In a move that is as similar as it is dissimilar to others around the country, Oregon has moved to offer sports betting via a mobile application in time for the upcoming NFL season. The reason we use the word “offer” rather than “legalize” is due to the fact that sports betting was never truly illegal in Oregon. When the Professional and Amateur Sports Protection Act of 1992 was passed and ultimately banned sports betting in all of the country, a few exceptions were made. Oregon was on the small list of exceptions, so when PASPA was overturned in 2018, sports betting was officially legal.

Thanks to all of this, the matter of whether to offer sports betting in Oregon came down to a decision by the lottery commission. There is a bit more to the story than this, but the end result is that Oregon will be the first Northwest state that has given sports betting the green light. 

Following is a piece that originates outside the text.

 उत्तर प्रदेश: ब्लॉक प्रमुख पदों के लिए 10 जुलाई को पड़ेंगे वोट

No Vote, but Opponents Abound

Even though this story seems like one of a simple, cut and dry decision on the part of the Oregon Lottery, happenings on the US sports betting scene rarely go over so smoothly. The first level of opposition came in the form of a few senators who attempted to amend a separate bill in a way that would disallow the lottery from offering any games “via the internet” or “via mobile devices.” Fortunately, this movement did not gain much traction and the amendment was eventually done away with.

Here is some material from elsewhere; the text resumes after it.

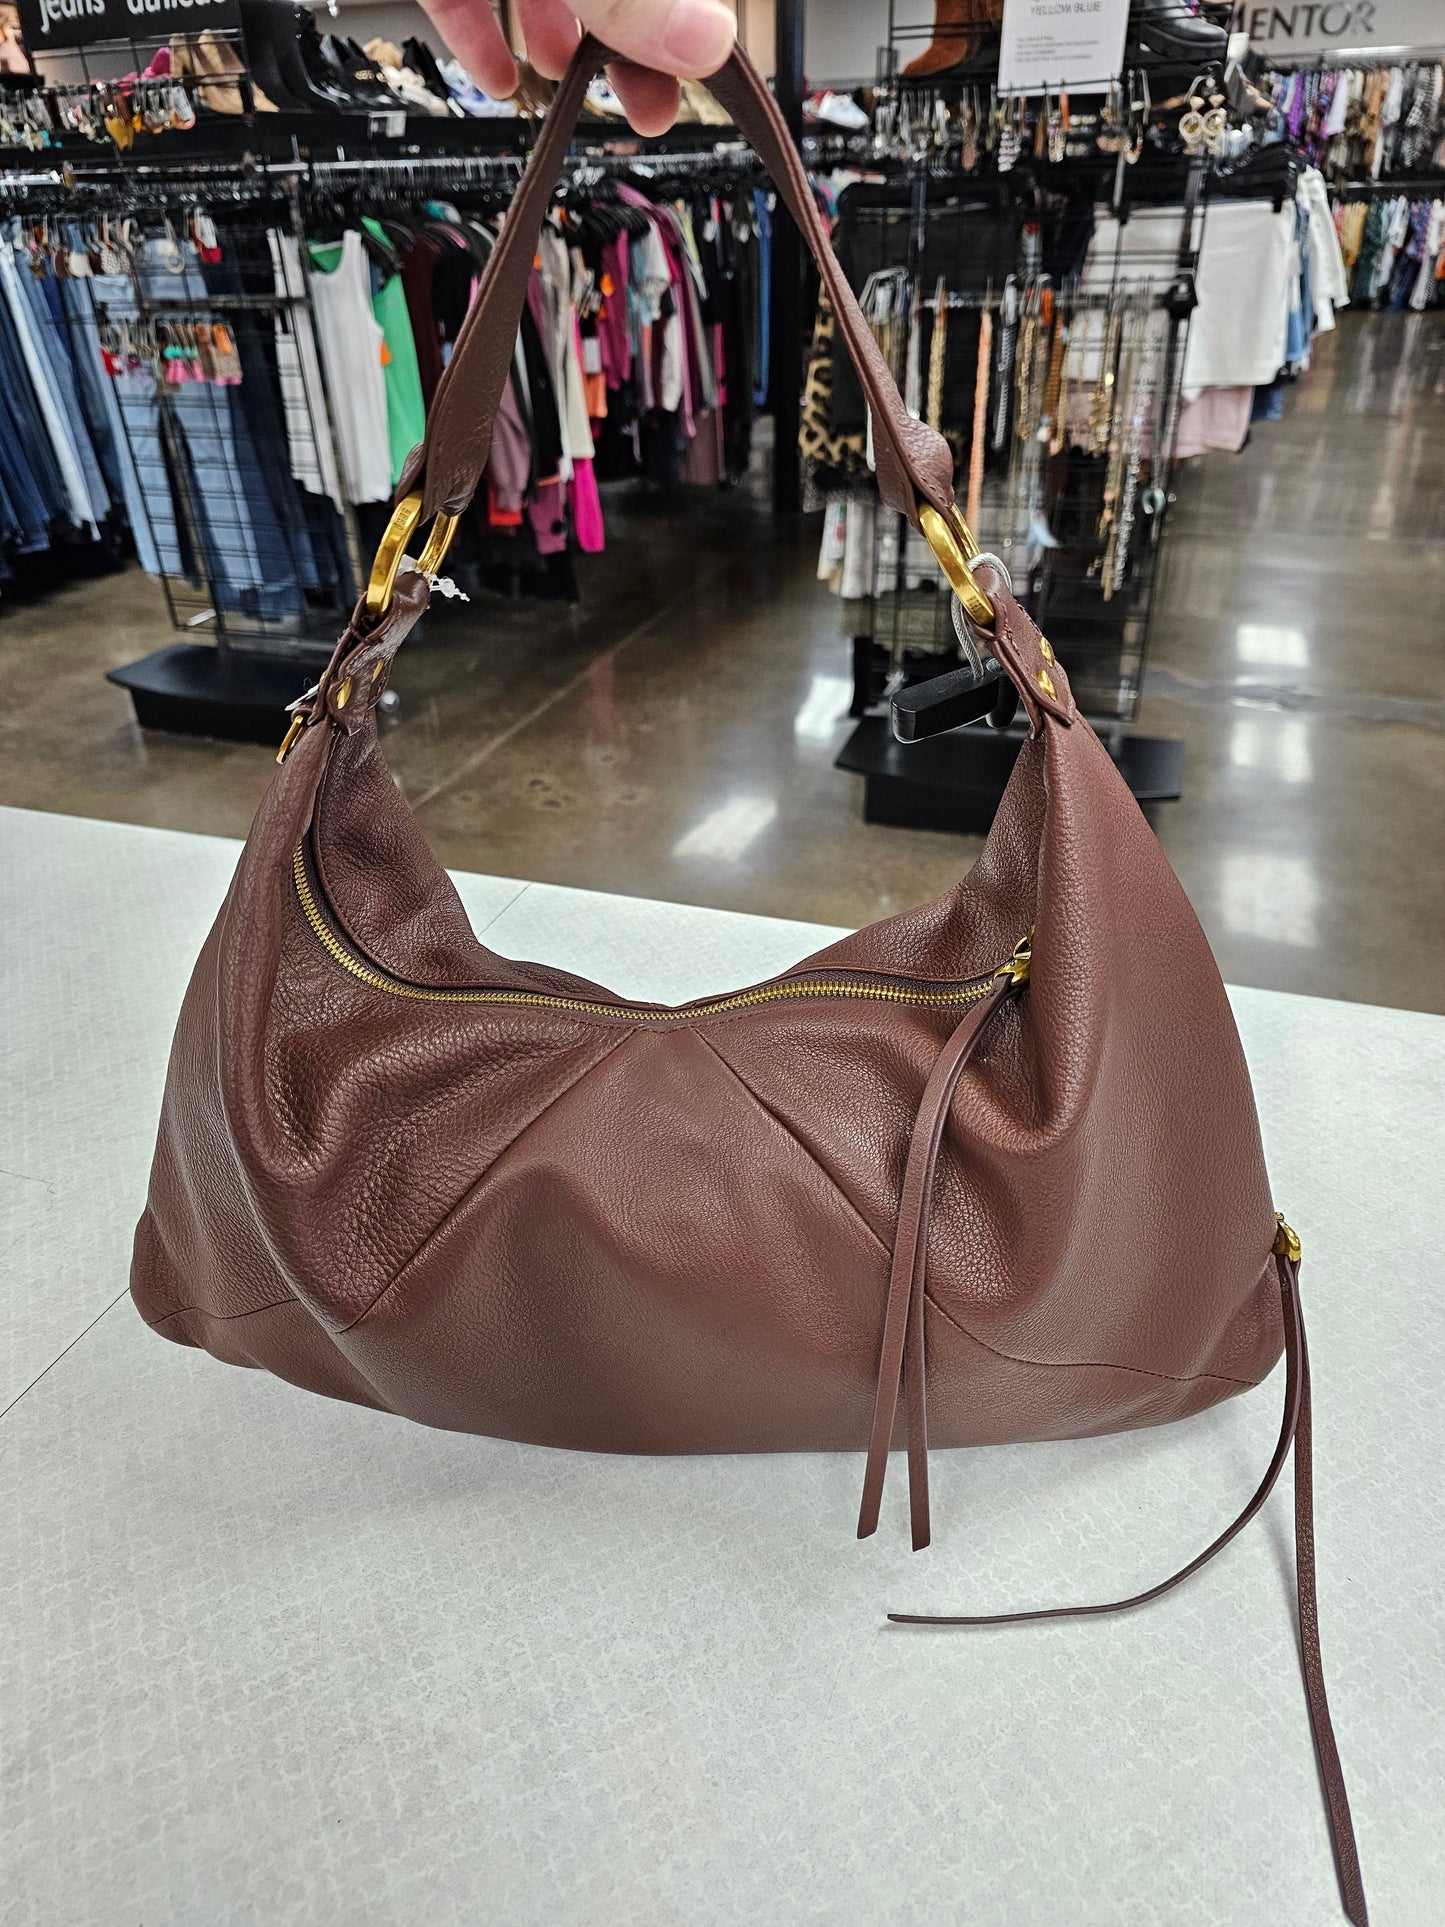 Brown Handbag Designer Hobo Intl, Size Medium

Sports Betting Operator’s Integrity Questioned

Another interesting facet of this story took place in the wake of the Oregon Lottery Commission’s decision to award the sole mobile operator license to a firm known as SBTech. On its face, this seems like a relatively fitting choice seeing as SBTech already operates in a few other US states and has a longstanding reputation with brands in Europe and elsewhere around the world. In reality, there quickly arose questions about the operator’s integrity as it relates to operating in jurisdictions where sports betting is illegal

Unsurprisingly enough, these questions arose directly from the firm that finished second place in the Oregon Lottery’s Request for Proposal, Scientific Games. In a public letter, Scientific Games accused SBTech of being affiliated with a site—10Bet—that was supposedly operating illegally in Belgium. This event ended up being more of a flash in the pan than anything else as it also gained little traction. SBTech was quick to deny the accusations, and the Oregon Lottery’s chief gaming officer, Farshad Allahdadi, came out in support of the brand. Considering that SBTech passed all of the background checks levied against it by the Oregon Lottery Commission, it seems safe to say that they are a trustworthy operator. After all, they already operate in both Mississippi and Atlantic City.


While sports betting will be offered via a mobile platform supported by SBTech, it will exist in somewhat different fashion from what we see elsewhere around the country. During the initial stages of Oregon sports betting, bettors will only be able to place wagers on professional sporting events. This means that “amateur” athletics, such as NCAA football and basketball, will be excluded from offer. The movers and shakers of the Oregon Lottery Commission have made it clear that the option is on the table for the future, but have chosen to stay away from now.

If mobile sports betting is set to be on offer by September, the estimation is that betting kiosks will be available shortly after 2020 begins. Betting kiosks will be located at most locations that currently offer lottery tickets (such as gas stations), but they will eventually be placed elsewhere, in restaurants and bars.